Both ‘Time Flies’ and ‘Measure Up’ are moving reflections for the 32-year-old songwriter who lost his father at the age of 16. Themes of loss, depression and making peace are, unsurprisingly then, threaded through Fricot’s work but rather than being wallowsome they are approached with hope and optimism. Indeed, ‘Home’ warns against the dangers of being trapped by self-pity. Its chorus-soaked vocal and gated reverb is a definite nod to ‘80s Phil Collins but the strings and impassioned vocal make the song very much Fricot’s own.
The stuttering reversed beats of ‘Meredith Clark’ are much darker and more modern; its string section - flirting with dissonance - jars with the song’s sub-bass beats.

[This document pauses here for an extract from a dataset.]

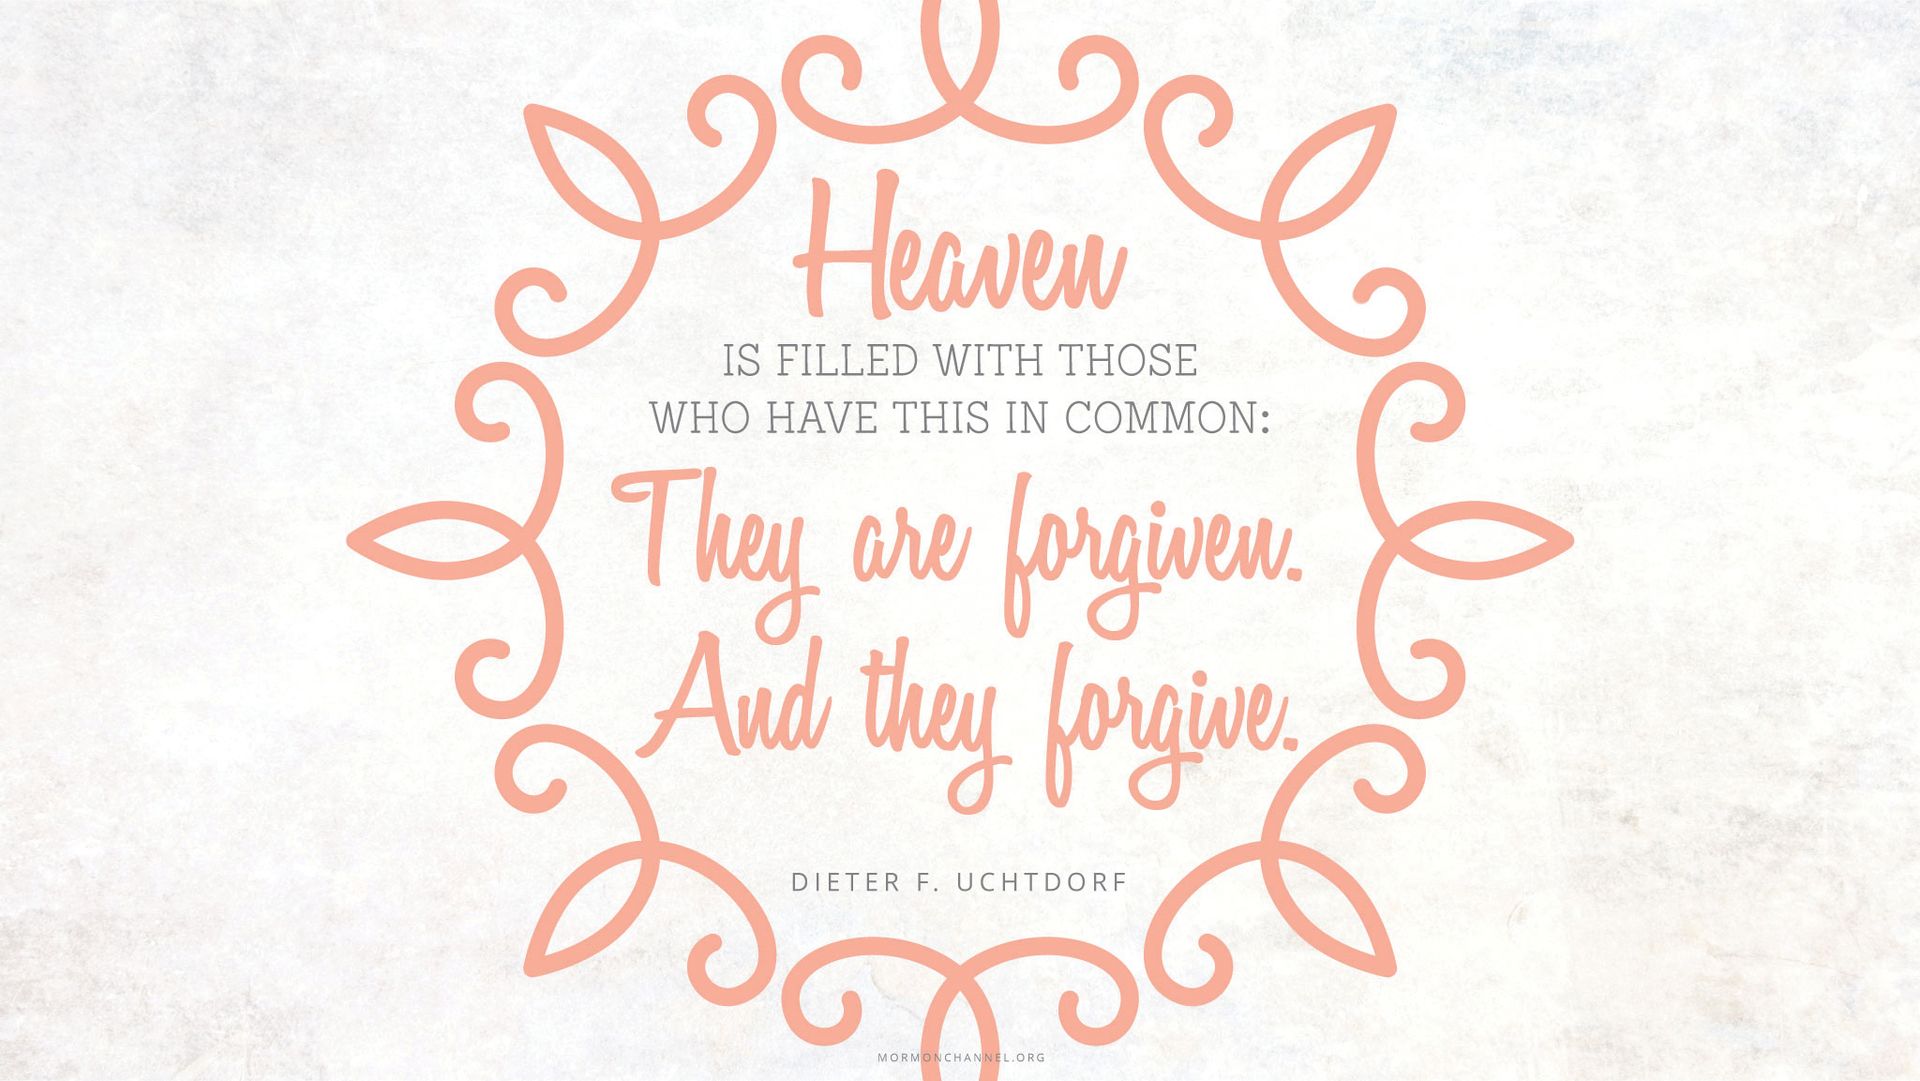 “Heaven is filled with those who have this in common: They are forgiven. And they forgive.”—President Dieter F. Uchtdorf, “The Merciful Obtain Mercy”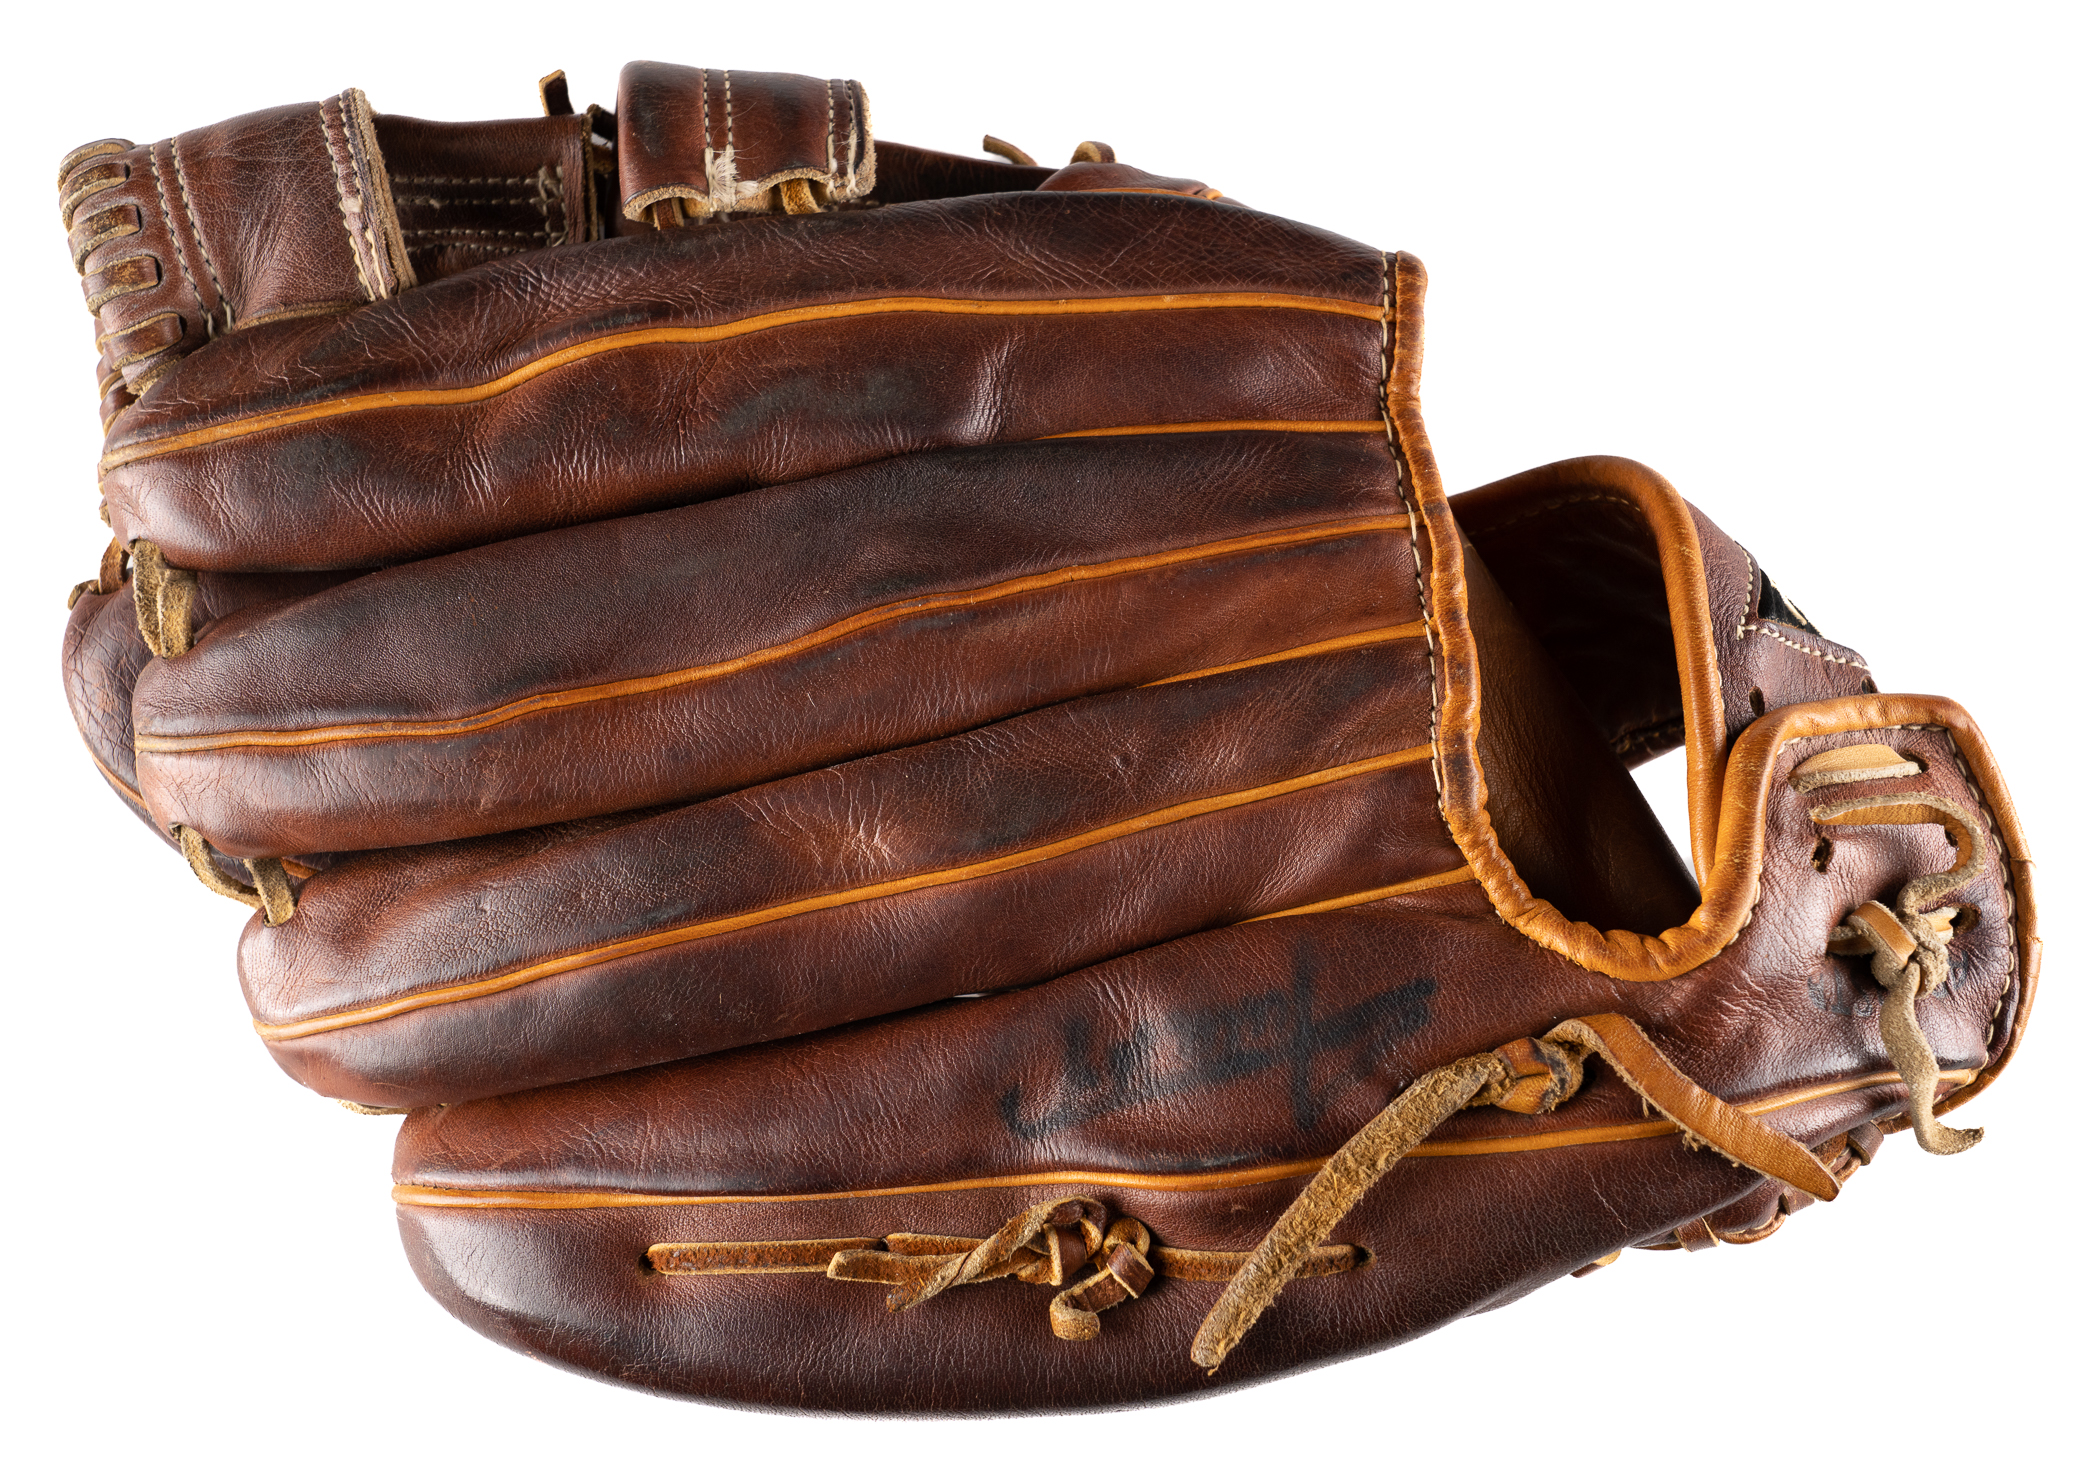 Hardy has held on to the Mays glove for more than 50 years and is now consigning it in REA's 2023 Summer Catalog Auction

Then, the lighter ‘Hold You’ is particularly beautiful and pits more Gabriel-esque backing vocals against a contemporary drum loop before the album comes to a close with the trippy ‘Slippery Slope’.
If you feel a little tired of strummed guitars and wall-to-wall love songs then Dom Fricot is here to help you. Deserts is serious, without being over-earnest and its deceptive sonic simplicity is a real breath of fresh air.
Oh Geronimo’s new record The Sled crashes open with ‘No More Stones’, led by splashy drums, howling guitar and acerbic wit, with lines like “I could cut the tension with a knife / But I’d rather put it in your back” cutting to the quick. The verse has a tight, controlled feel, with piano and sprinkles of delayed guitar before the chorus clatters down in all its layers of kitchen-sink glory. Barely a minute in, I find myself in the rare position of being rather excited by a new rock band.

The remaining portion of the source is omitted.